Which brings us back to modernity, to the technological “Second Life”, where “MySpace” is all. I rather like the fact Ulrich is not too taken with computers, though he likes some of the possibilities it brings for “planning”. Ulrich’s work is public, grand, and “for itself”. Soon in Venice there will be another kind of art, I suspect: art that is less about “itself” than its artists.

Tom and Mantua

My observations of Mantua…

“The Citie of Mantua I take to be one of the auncientest cities of Italy, auncienter then Rome by foure hundred and thirty yeares….Truly it is neither the long genealogie of the Tuscan Kings, nor the magnificence of the ancient buildings nor the sweetnesse of the situation, nor any other ornament whatsoever that hath halfe so much enobled this delicate Citie, as the birth of that peerelesse and incomparable Poet Virgil, in respect of whom the Mantuans have reason to bee as proude as the Colophonians or Smyrnians in Greece were of their Homer. I saw indeed the statue of Virgill made in stone as farre as the girdle, which was erected in one of their market places, but had I not beene brought into such a narrow compasse of time…I would have seene the house at a paces called Andes, a little mile from Mantua, wherein he was borned and lived….

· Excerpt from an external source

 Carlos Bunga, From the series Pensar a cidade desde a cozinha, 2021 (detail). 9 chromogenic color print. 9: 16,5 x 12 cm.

This Citie is marveilous strong, and walled round about with faire bricke wals, wherein there are eight gates, and is thought to be foure miles in compasse: the buildings both publique and private are very sumptuous and magnificent: their streets straite and very spacious. Also I saw many stately Pallaces of a goodly height: it is most sweetly seated in respect of the marvailous sweete ayre thereof, the abundance of good meadows, pastures, vineyards, orchards, and gardens about it. For they have such store of gardens about the citie, that I thinke London which both for frequencie of people, and multitude of howses doth thrise exceed it, is not better furnished with gardens…

…Truely the view of this most sweet Paradise, this domicilium Venerum & Charitum did ever so ravish my senses, and tickle my spirits with such inward delight, that I said unto my selfe, this is the Citie which of all other places in the world, I would wish to make my habitation in, and spend the remainder of my dayes in some divine Meditations amongst the sacred muses, were it not for their grosse idolotory and superstitious ceremonies which I detest, and the love of Odcombe in Somersetshire, which is do deare to me that I preferred the very smoke thereof before the fire of all other places under the Sunne.

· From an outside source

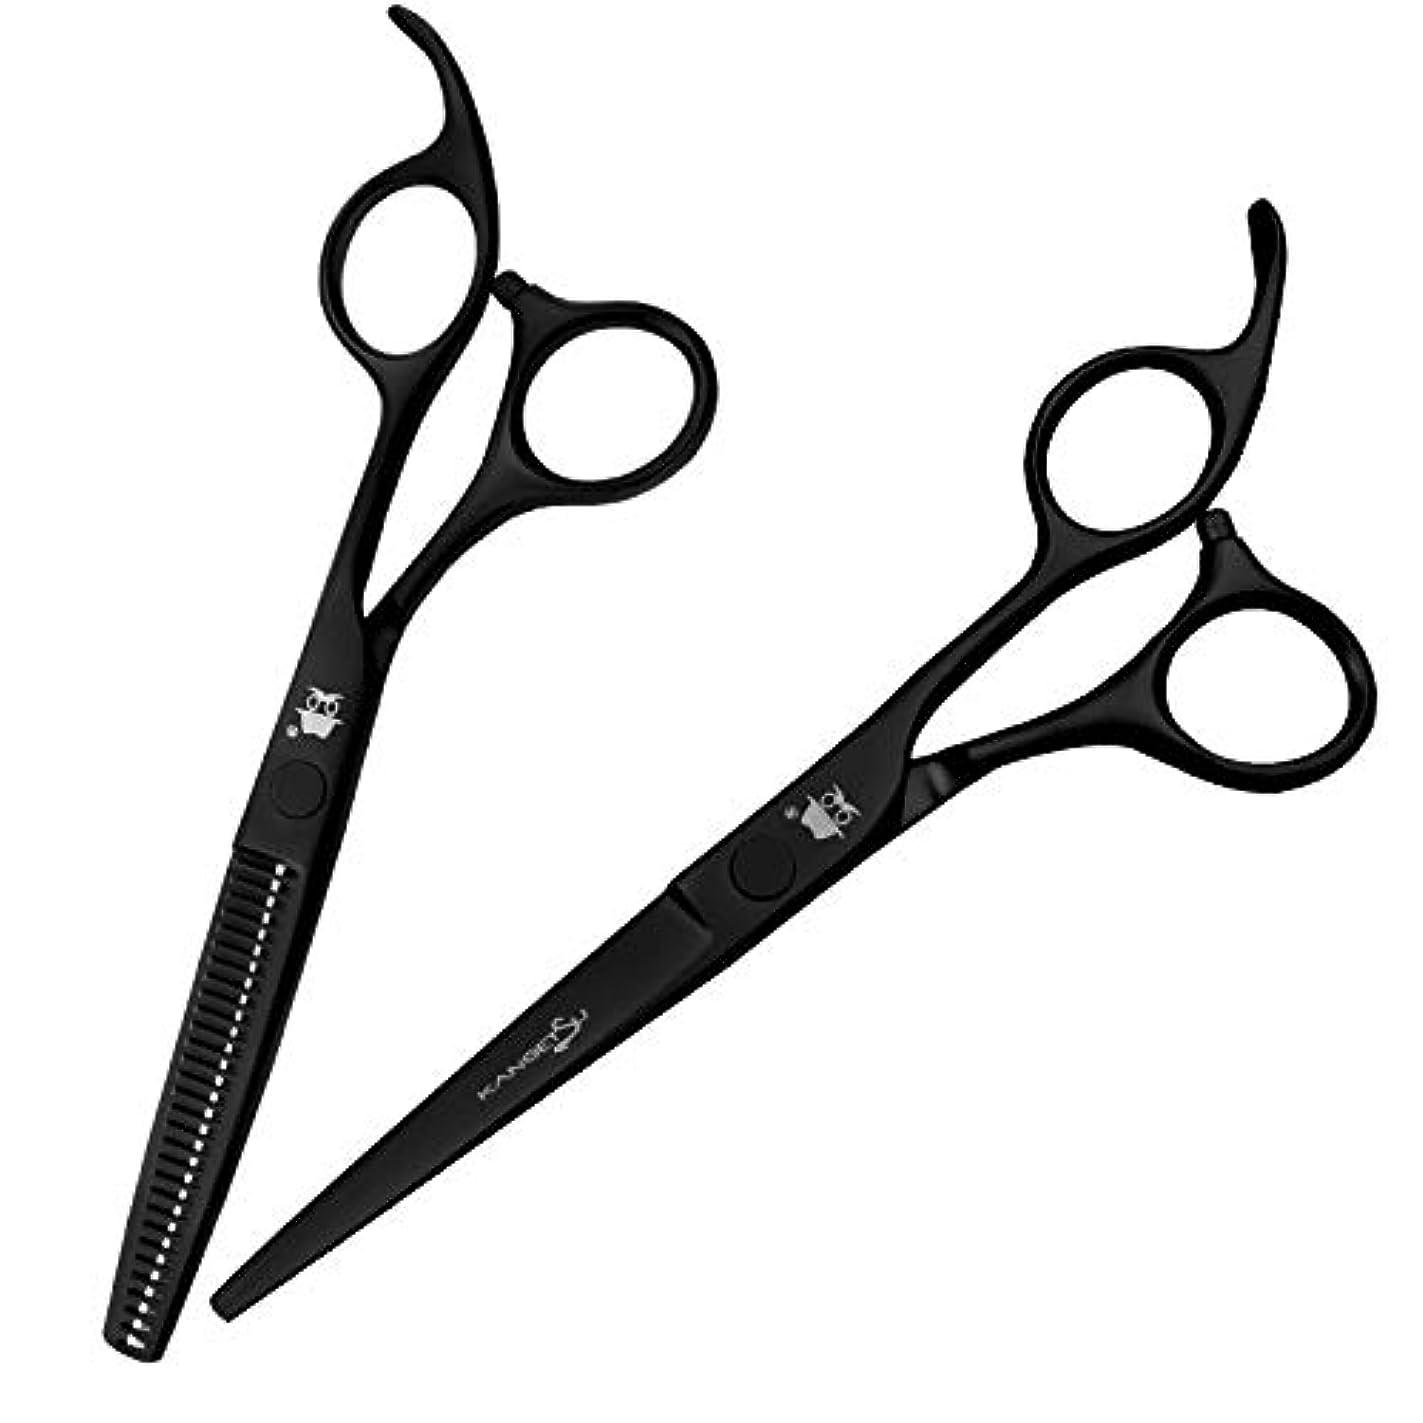 代わりにを立てる時系列古風なシザー カットシザー ヘアカットはさみ、間伐はさみキット、サロンに最適なプロの理髪師用はさみ、理髪店、および髪愛好家 - 6.0

…I observed a very stately bricke bridge at Mantua over the river Mincius, the longest that I ever saw till then (saving our famous bridge of London) which is covered and fairely vaulted over head, and inclosed with two faire bricke walls by the sides that are extended in length as farre as the bridge, in each of which wals there are many open places to looke forth in to the Mincius instead of windowes..."

Wednesday, 27 June 2007

Mantua has a lot

A decptive town, Mantua. Mantegna, Virgil, Tom, Street theatres, Palazzos. And a world famous artist interviewd. Too much for one day: Padua tomorrow.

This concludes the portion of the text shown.